You can take proactive steps to refine the travel program by regularly monitoring traveler satisfaction through surveys and NPS. 

6. Duty of Care & Risk 

Keeping travelers safe should be a top priority for any travel manager. Tracking metrics related to traveler risk and duty of care can help identify issues and opportunities for improvement.  

Traveler tracking: Use your TMC reporting to track the percentage of travelers you can contact in an emergency. Aim for 100% contactability.

Incidents: Monitor the number of monthly incidents or crises involving your travelers. Tracking this over time can reveal if your duty of care protocols are effective. Look at incident categories like security, health, and natural disasters and determine if preventative measures could help avoid similar incidents.

 7. Unused Tickets

One of the most important travel manager data metrics is the percentage of unused tickets. This refers to the airline, train, rental car, or other tickets that were booked but never used. There are several reasons why monitoring unused tickets is critical:

  • It represents wasted money spent on bookings that provided no value. Even if tickets are refundable, change fees or administrative costs are often involved.
  • A high rate of unused tickets indicates poor travel planning, booking too far in advance, and overestimating needs. It points to potential process improvements.
  • For certain suppliers, it can represent lost opportunities to shift volume and negotiate better discounts. 

Setting a target for unused tickets, monitoring the metric regularly, and analyzing the root causes are key. 

8. Traveler Preferences

Travel managers should pay close attention to the preferences of their business travelers.
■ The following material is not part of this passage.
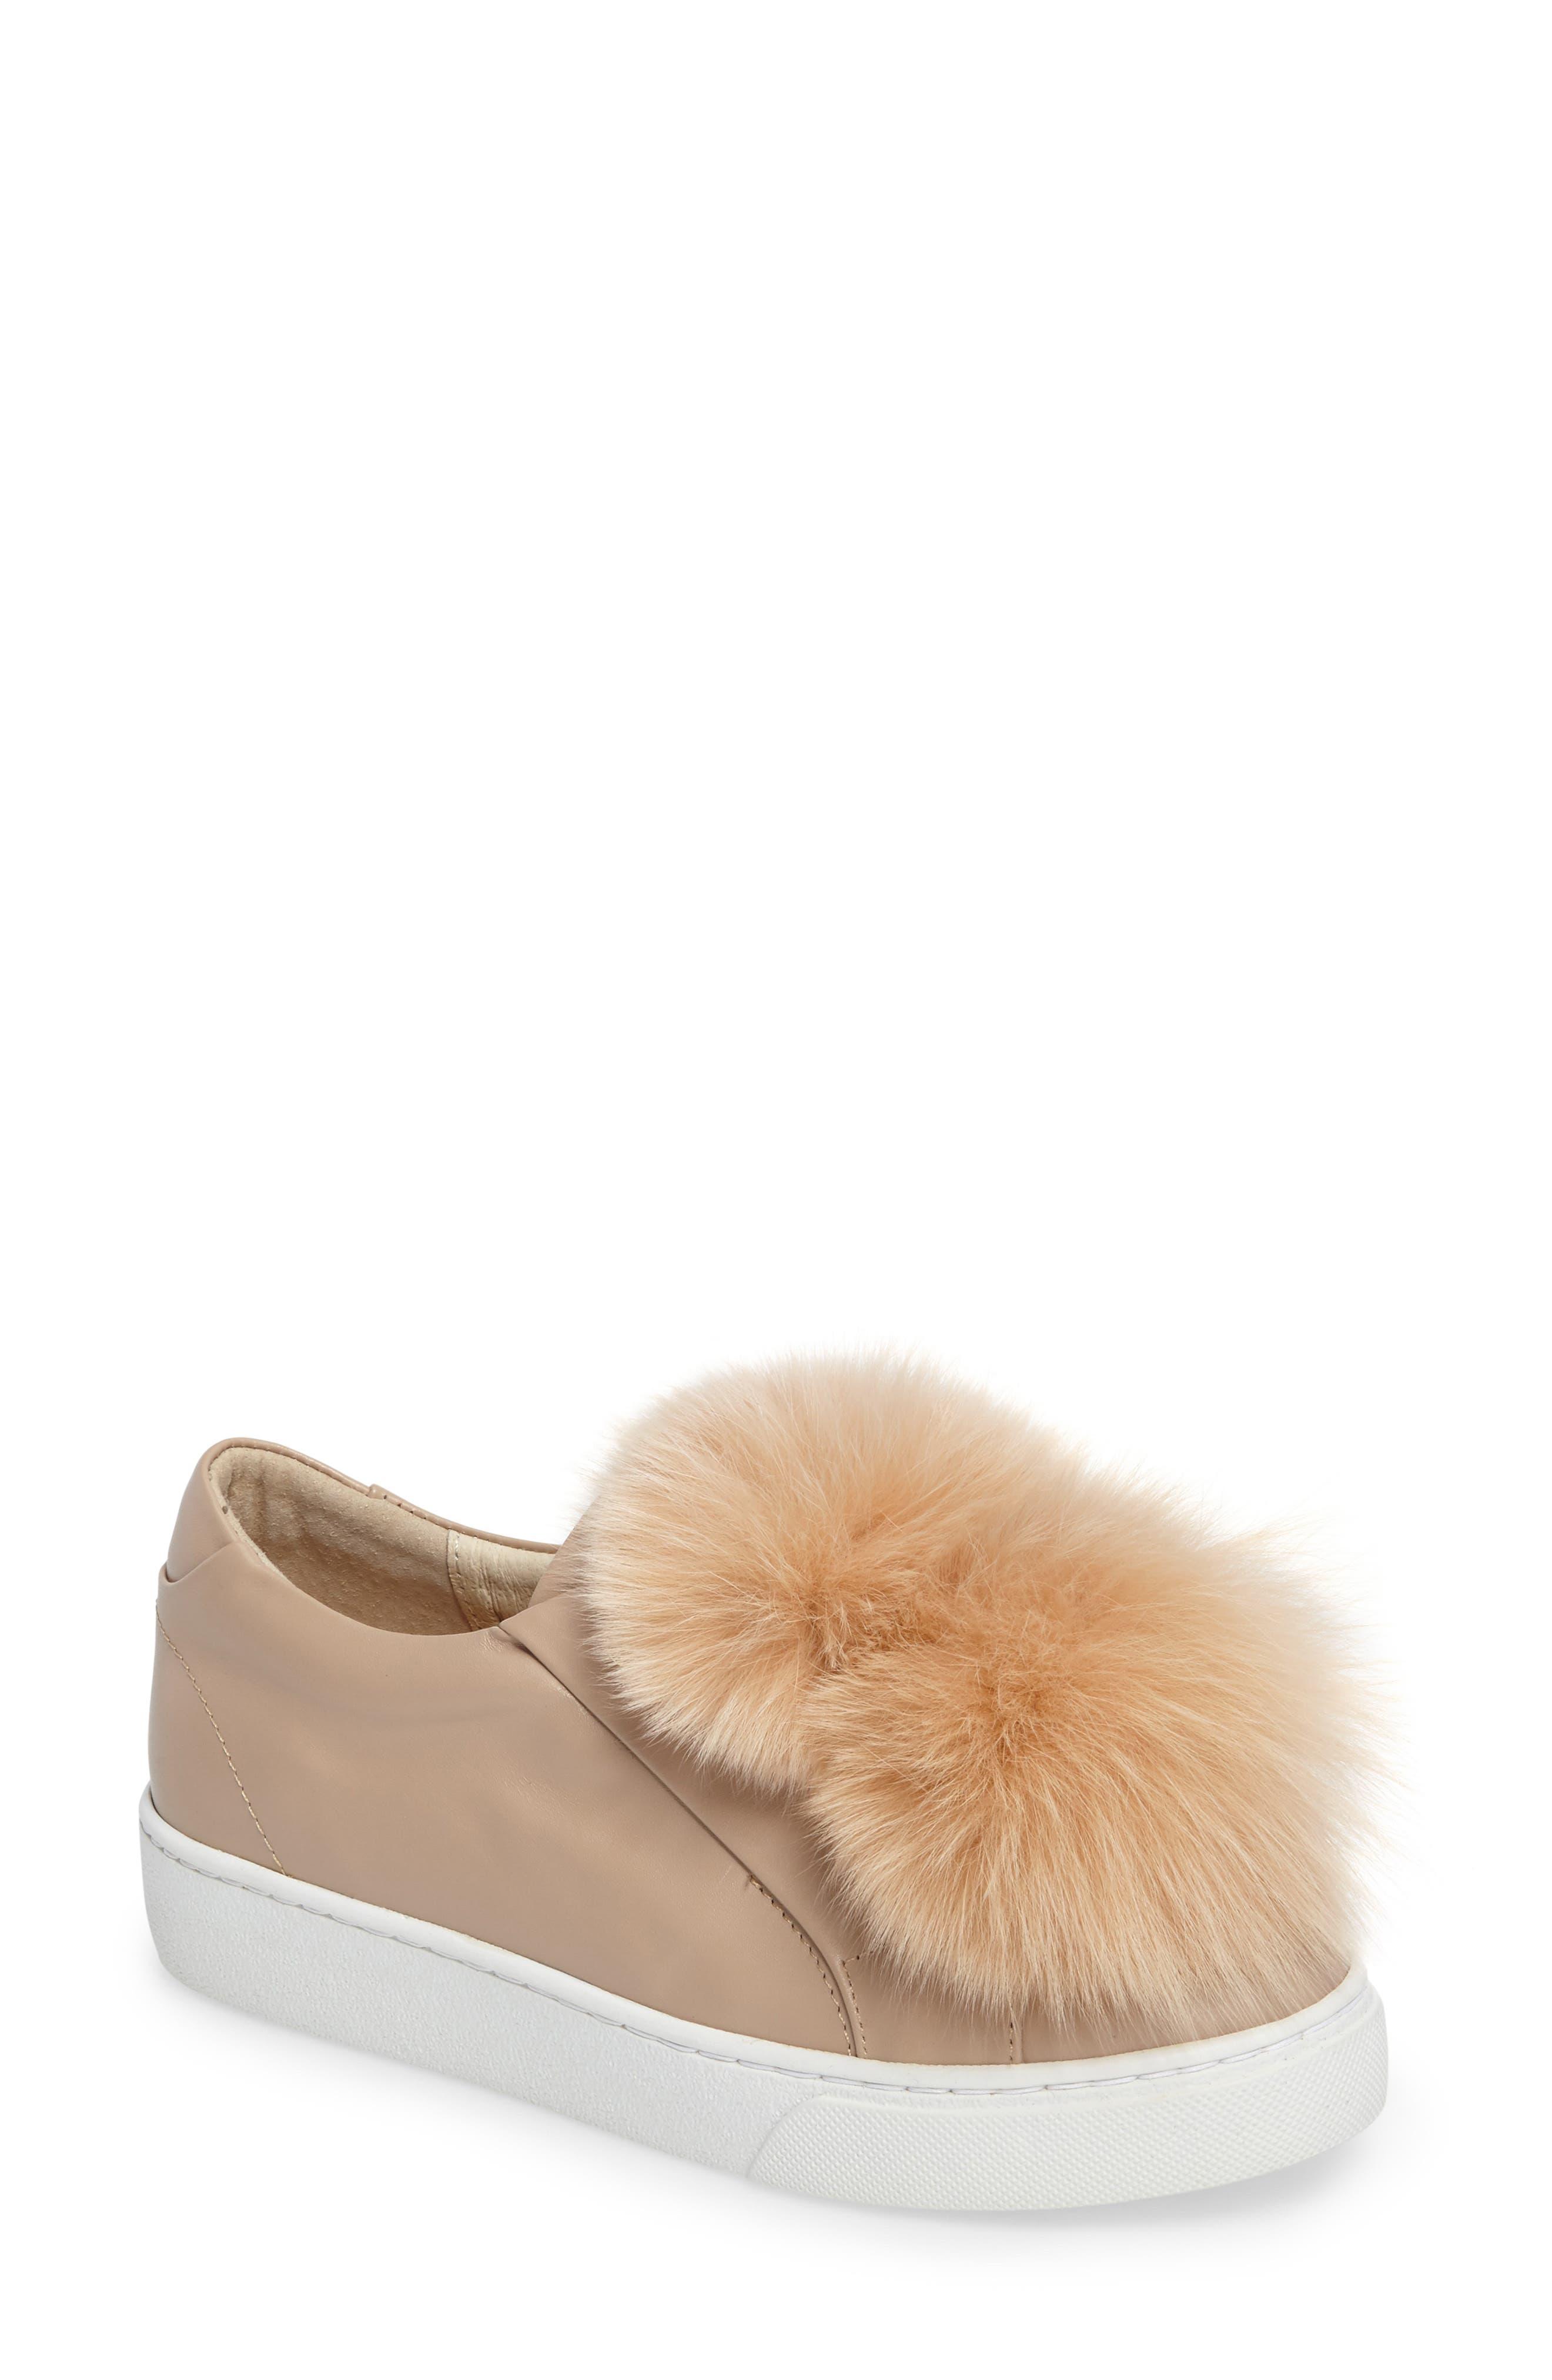 Arian Genuine Fox Fur Trim Sneaker,                             Main thumbnail 1, color,                             250

This includes monitoring preferred airlines, hotel chains, and car rental agencies. 

It’s important to understand loyalty patterns in a travel manager report among travelers and identify the suppliers they gravitate towards. This allows travel managers to negotiate better rates and services with those preferred vendors.
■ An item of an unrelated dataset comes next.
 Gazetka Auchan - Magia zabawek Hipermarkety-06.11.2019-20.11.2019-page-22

Some of the key travel manager data metrics are:

  • Percentage of bookings with preferred airlines 
  • Percentage of bookings with preferred hotel chains
  • Percentage of bookings with preferred car rental agencies
  • Identify suppliers with the highest traveler satisfaction scores
  • Monitor loyalty program enrollment and activity 

By analyzing traveler preferences and loyalty, travel managers can tailor their travel programs to their needs. This increases traveler satisfaction and compliance. It also allows travel managers to consolidate spending with fewer suppliers to maximize negotiating leverage.

9. Savings and ROI

Savings and Return on Investment (ROI) in a travel manager report are pivotal metrics for travel managers to track as they provide tangible evidence of the effectiveness and value of the organization’s travel program. 

Tracking ROI enables travel managers to monitor and control travel expenses along with travel manager data metrics effectively. By comparing actual expenses against projected budgets, they can identify areas where costs can be optimized, such as negotiating better rates with vendors, leveraging economies of scale, or implementing cost-saving measures like travel policy compliance.

10. Carbon Emissions

Tracking carbon emissions associated with business travel is an essential metric for travel managers who aim to mitigate the environmental impact of their organization’s operations. It aligns with corporate social responsibility goals and demonstrates the organization’s commitment to environmental sustainability. 

By quantifying the environmental impact that is portrayed in the travel manager report, companies can take proactive steps to reduce their carbon footprint and contribute to global efforts to combat climate change.

Utilize carbon accounting software or online calculators to track carbon emissions from travel and other business activities. These tools often automate emission calculations based on input data and emission factors, streamlining the tracking process and providing accurate emission estimates.